PM meets ‘last survivor’ of Warsaw Ghetto Uprising

Netanyahu and five ministers to hold talks with Polish counterparts.

June 9, 2013 23:39
1 minute read.
SIMCHA ROTEM (Kazik), the last survivor of the Warsaw Ghetto Uprising.

SIMCHA ROTEM (Kazik), the last survivor Warsaw uprising 370. (photo credit: Moshe Milner/GPO)

Three days before traveling to Poland for a governmentto- government meeting, Prime Minister Binyamin Netanyahu met on Sunday with Simcha Rotem (Kazik), described by the Prime Minister’s Office as the last survivor of the Warsaw Ghetto Uprising.

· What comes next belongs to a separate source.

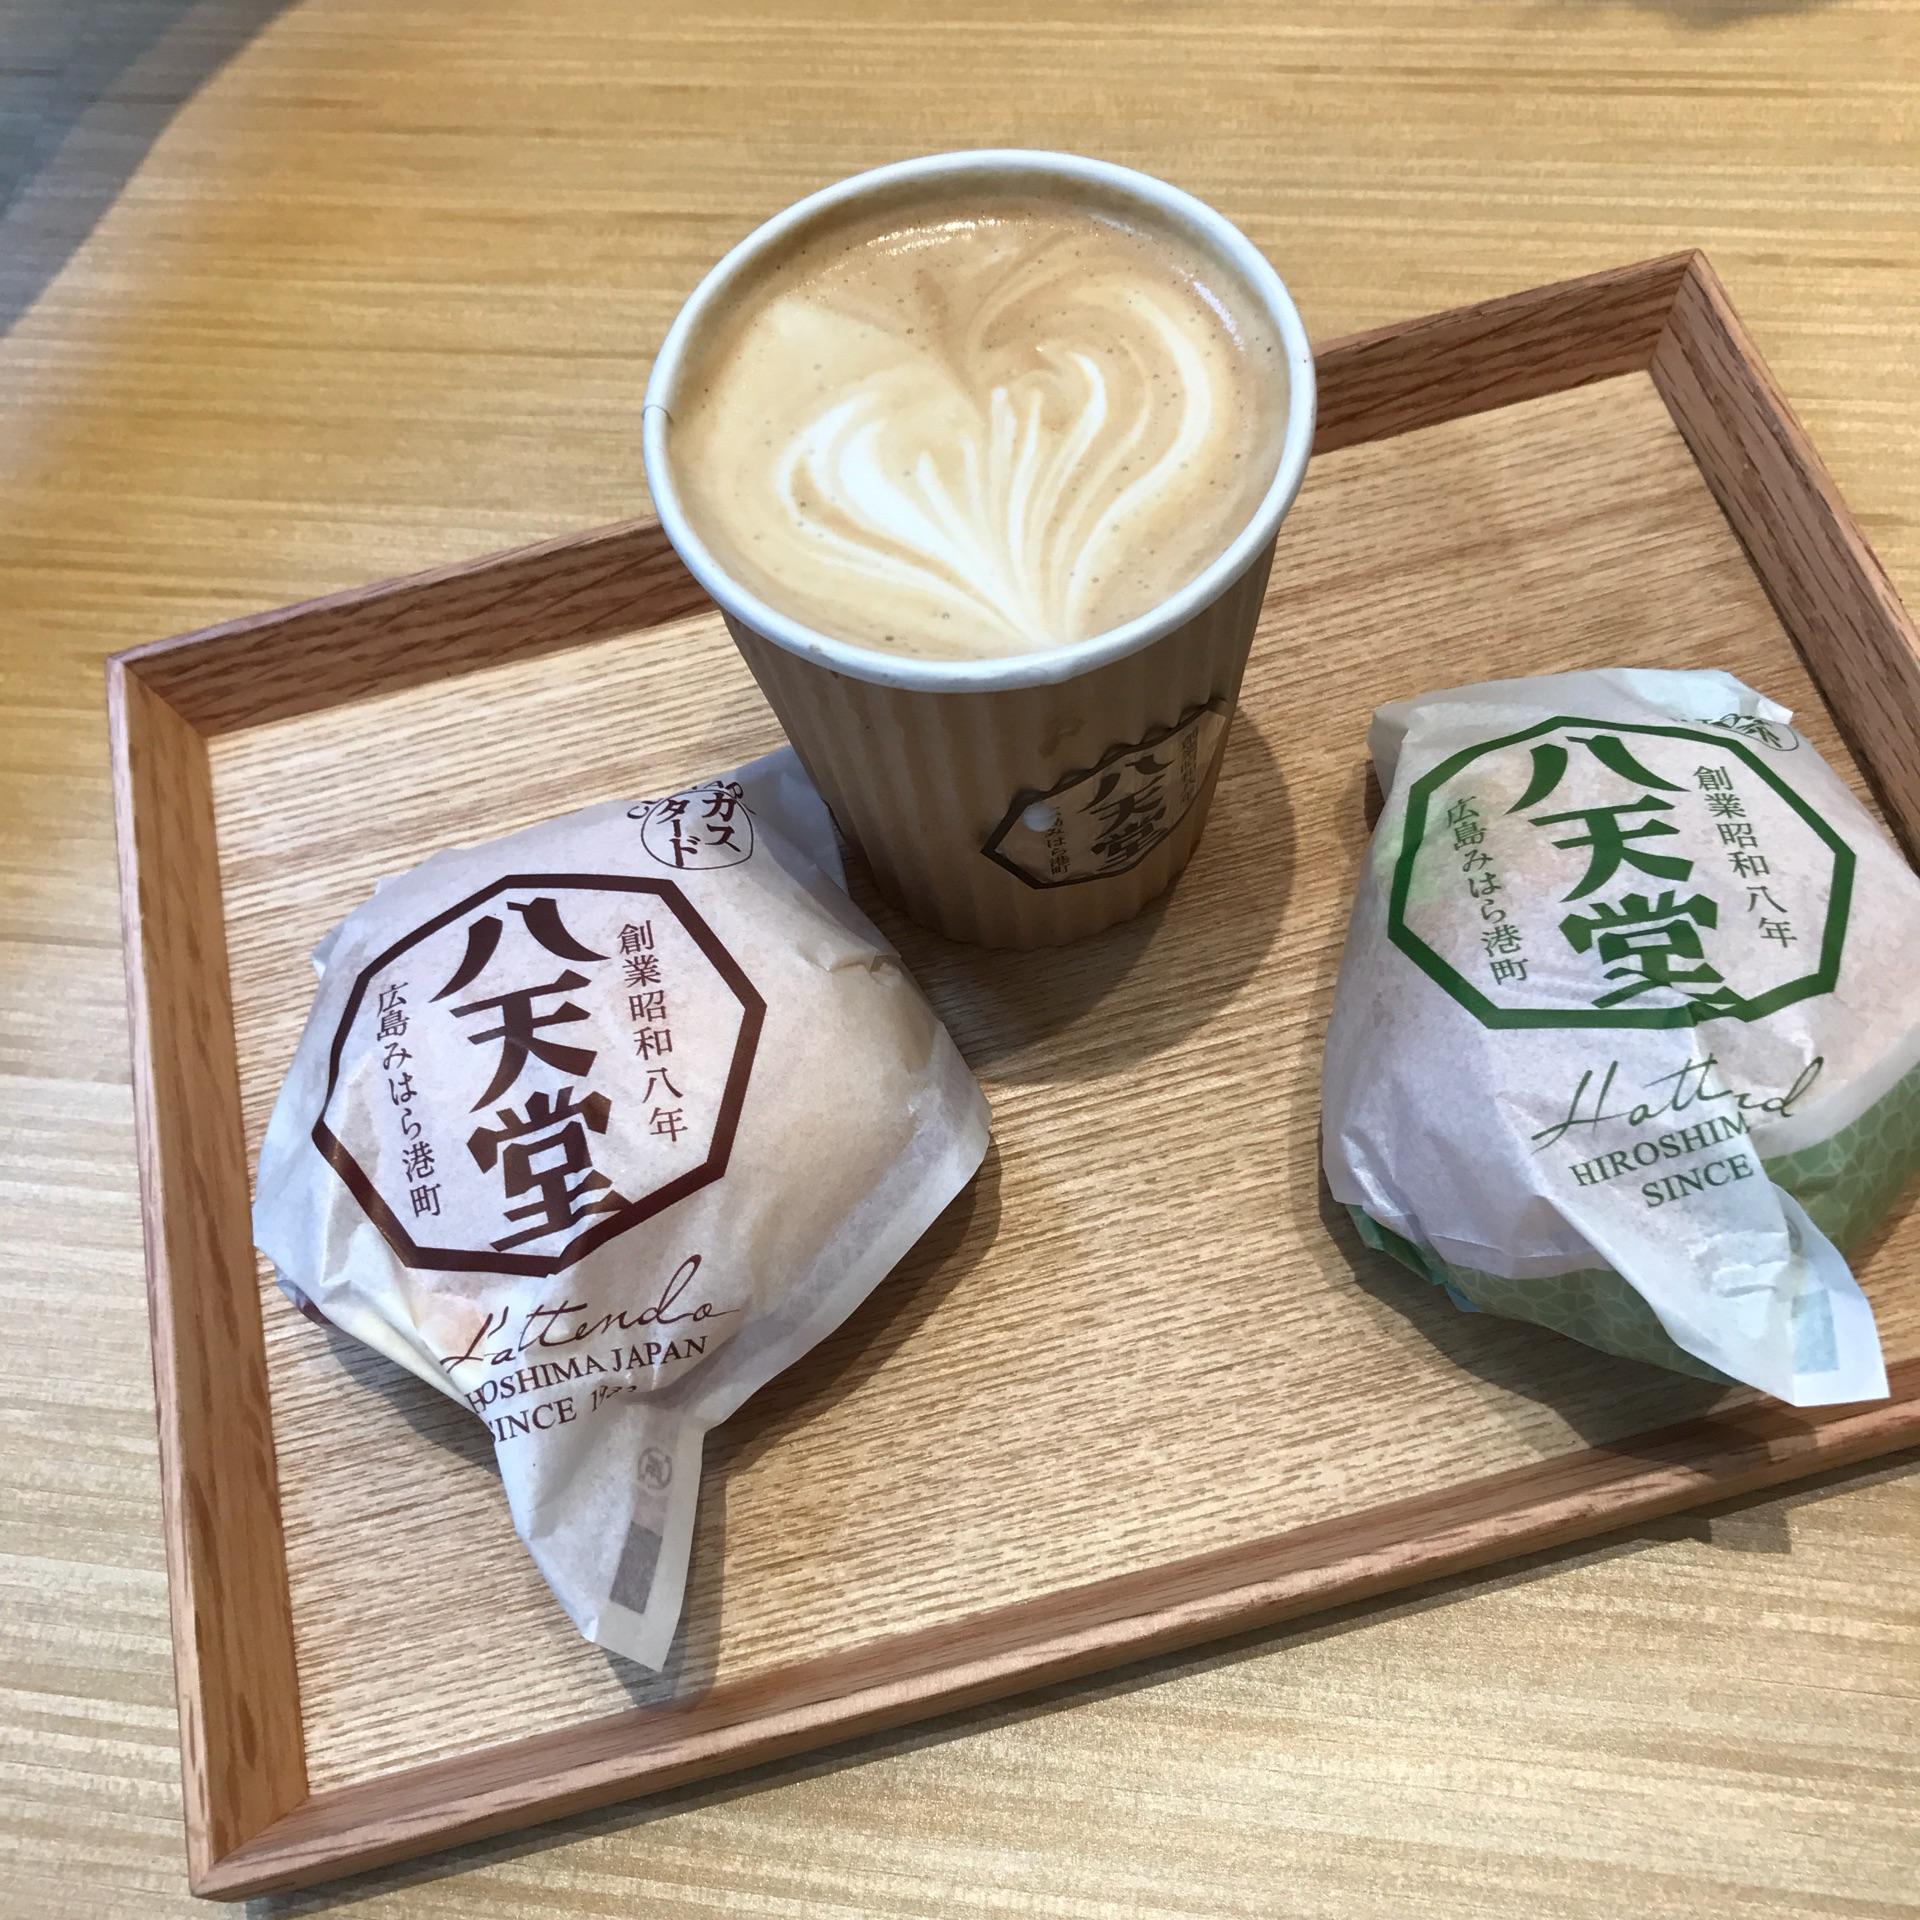 $2.50 cream bun with a hazelnut latte
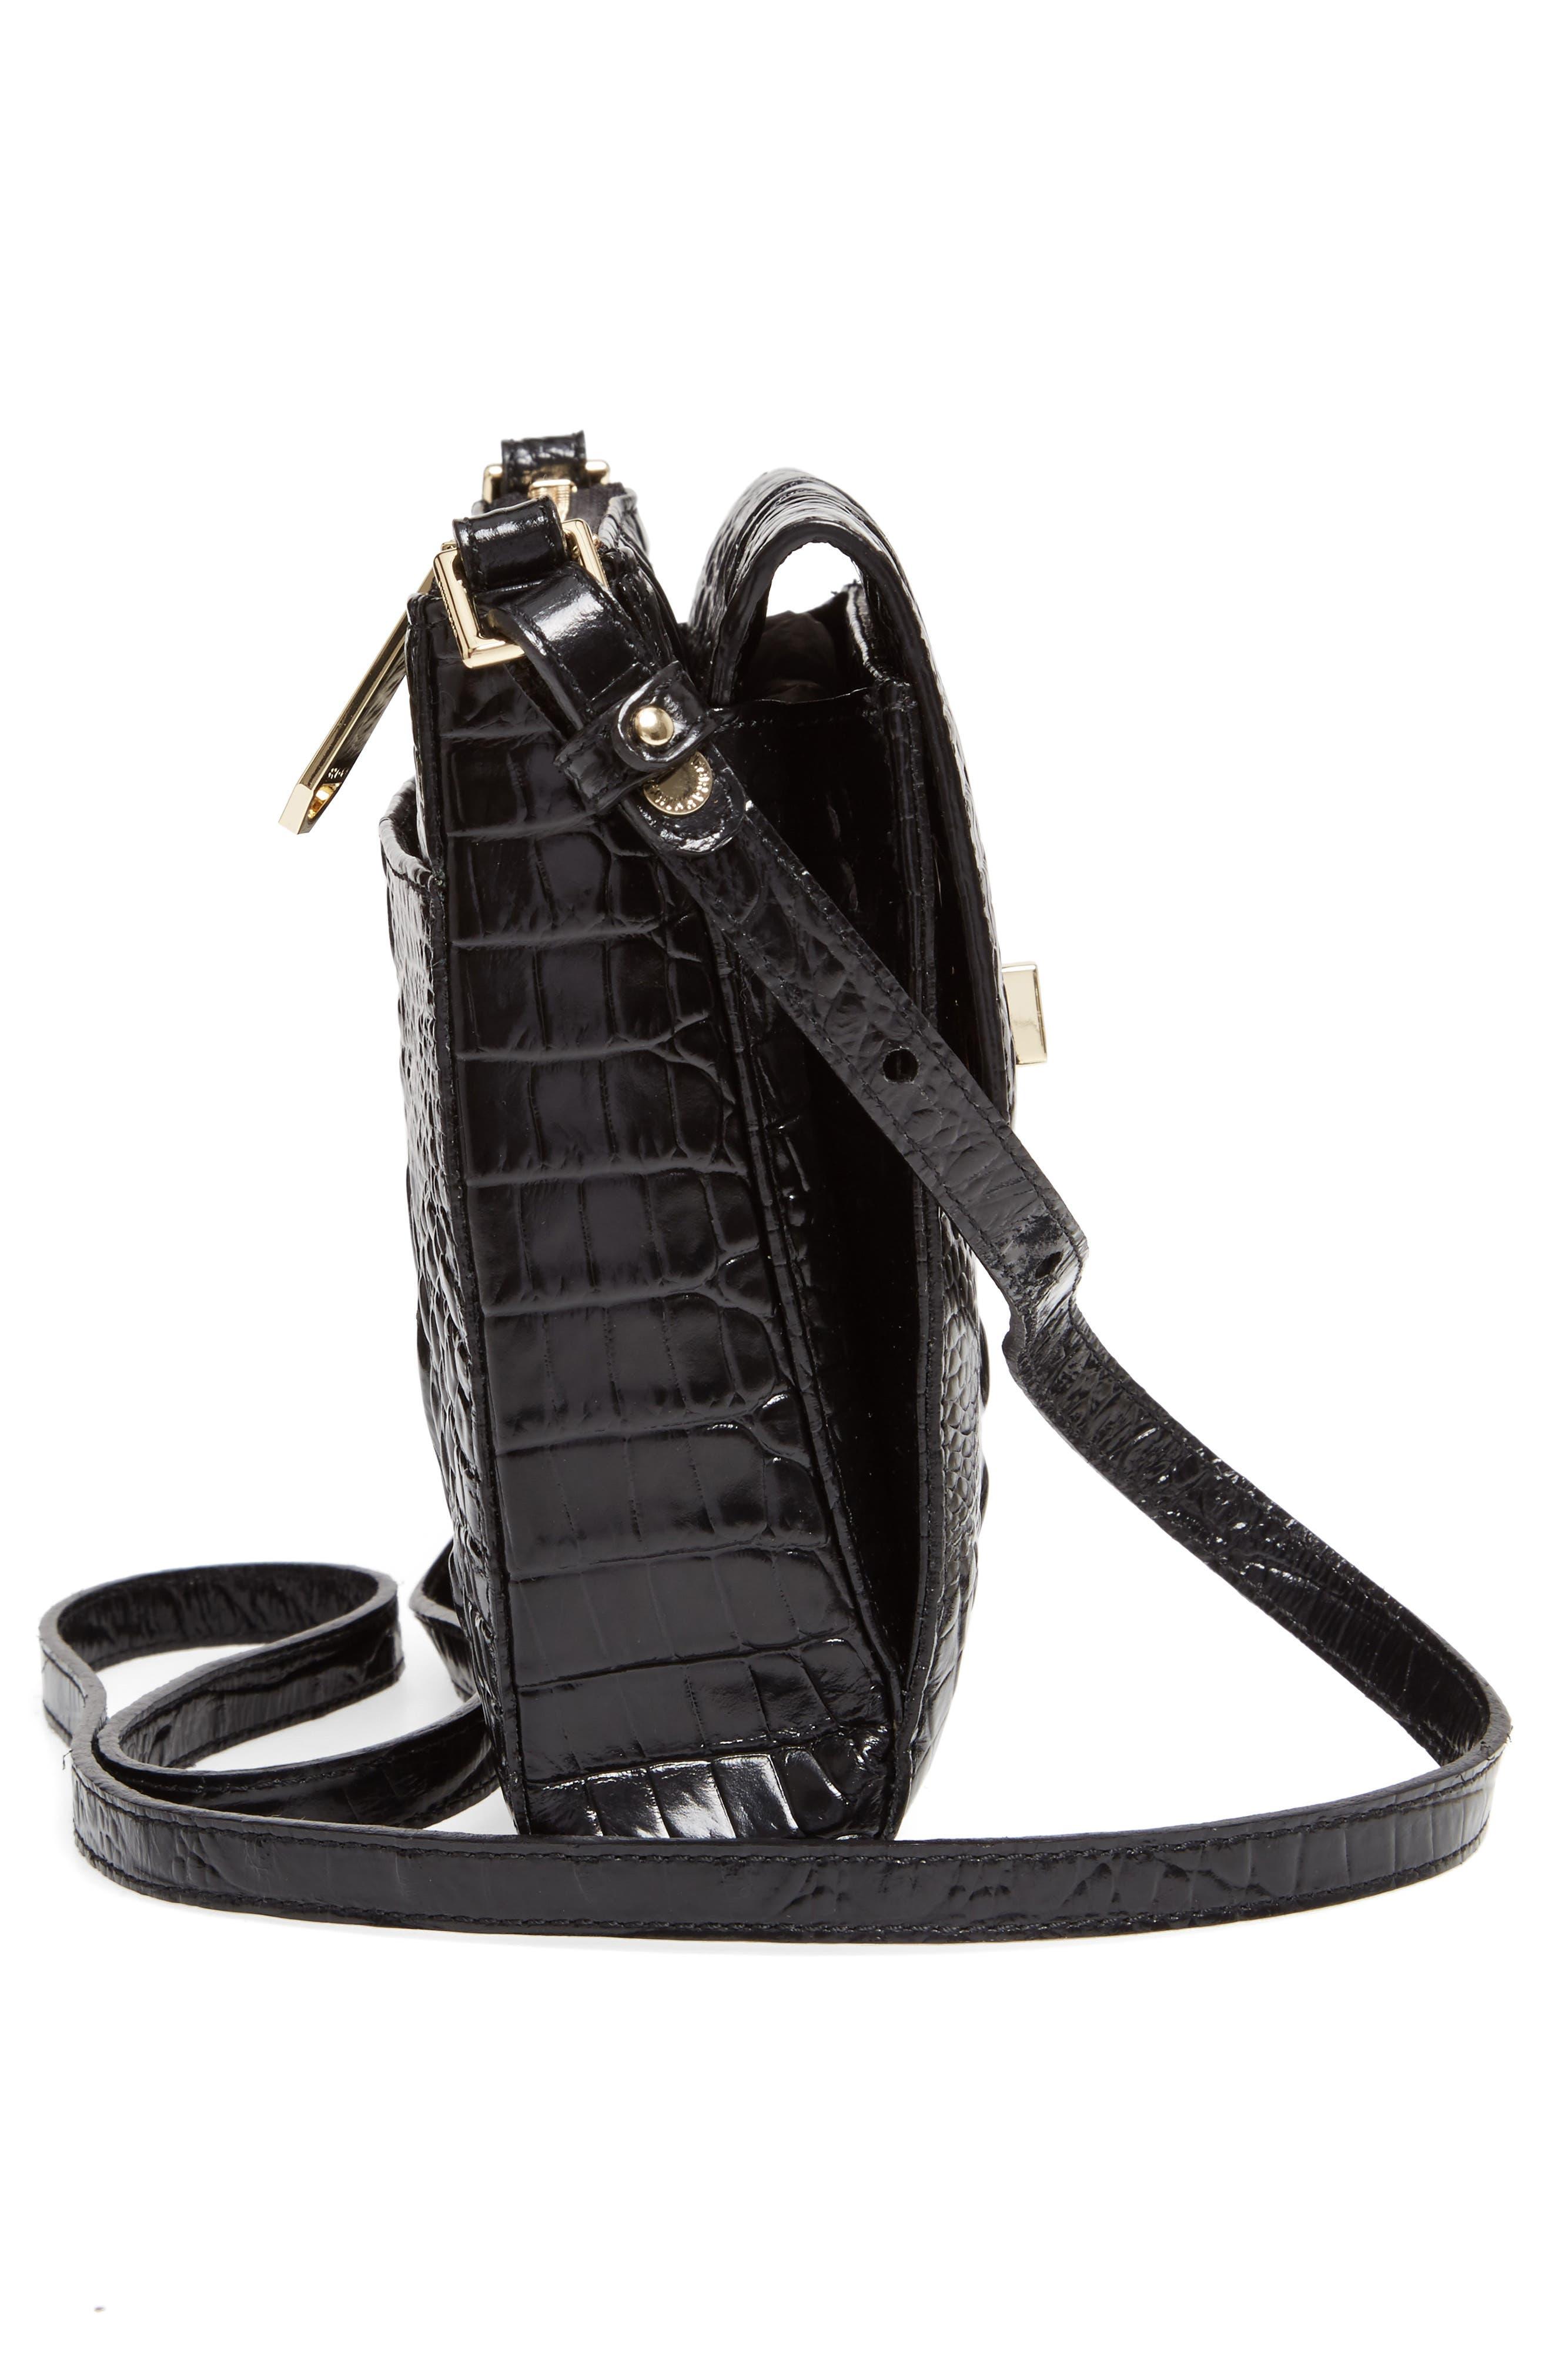 Melbourne Manhattan Croc Embossed Leather Crossbody Bag,                             Alternate thumbnail 5, color,                             BLACK

Rotem, 89, fought alongside Mordechai Anielewicz in the Jewish Combat Organization.

He told Netanyahu, as well as Education Minister Shai Piron and Immigrant Absorption Minister Sofa Landver, how he served as a liaison between the bunker inside the ghetto and the underground on the “Aryan” side of the city. He also explained how people were smuggled out of the ghetto through the sewage pipes.

“We are a people known for its many talents, but ultimately these talents were not suited for the strength required of us to survive the horrors of the Holocaust,” said Netanyahu, who called Rotem a national and international hero.

Piron said Rotem “saw the human spirit over personal interest, and therefore did not hesitate to go back through the sewers to rescue his friends, Poles and Jews alike.”

Netanyahu will be accompanied on his two-day visit to Poland by five of his ministers, who will hold talks with their Polish counterparts in Warsaw.

Netanyahu, according to a Channel 2 report, decided to appoint Public Security Minister Yitzhak Aharonovitch as his deputy prime minister during his absence. Unlike in his last term, Netanyahu has not named a permanent deputy prime minister.

In addition to going to Warsaw, Netanyahu will participate in the opening of the new permanent exhibition “Shoah” in Block 27 at the Auschwitz-Birkenau State Museum.

The exhibit was designed and built by Yad Vashem, in coordination with the Auschwitz-Birkenau State Museum, and funded by the state with assistance from the Claims Conference. A statement put out by Yad Vashem said the old exhibition at the concentration camp, dating to the 1960s Communist era, had become outdated in terms of both content and display, and most visitors to the camp chose not to enter it at all. In 2005, Israel charged Yad Vashem with renewing the exhibition, which also entailed the preservation of the original barrack.

The Yad Vashem statement said the new exhibition “presents the main elements of the Holocaust, placing the murder at Auschwitz-Birkenau in the larger context of the Nazis’ systematic attempt to exterminate the Jewish people.”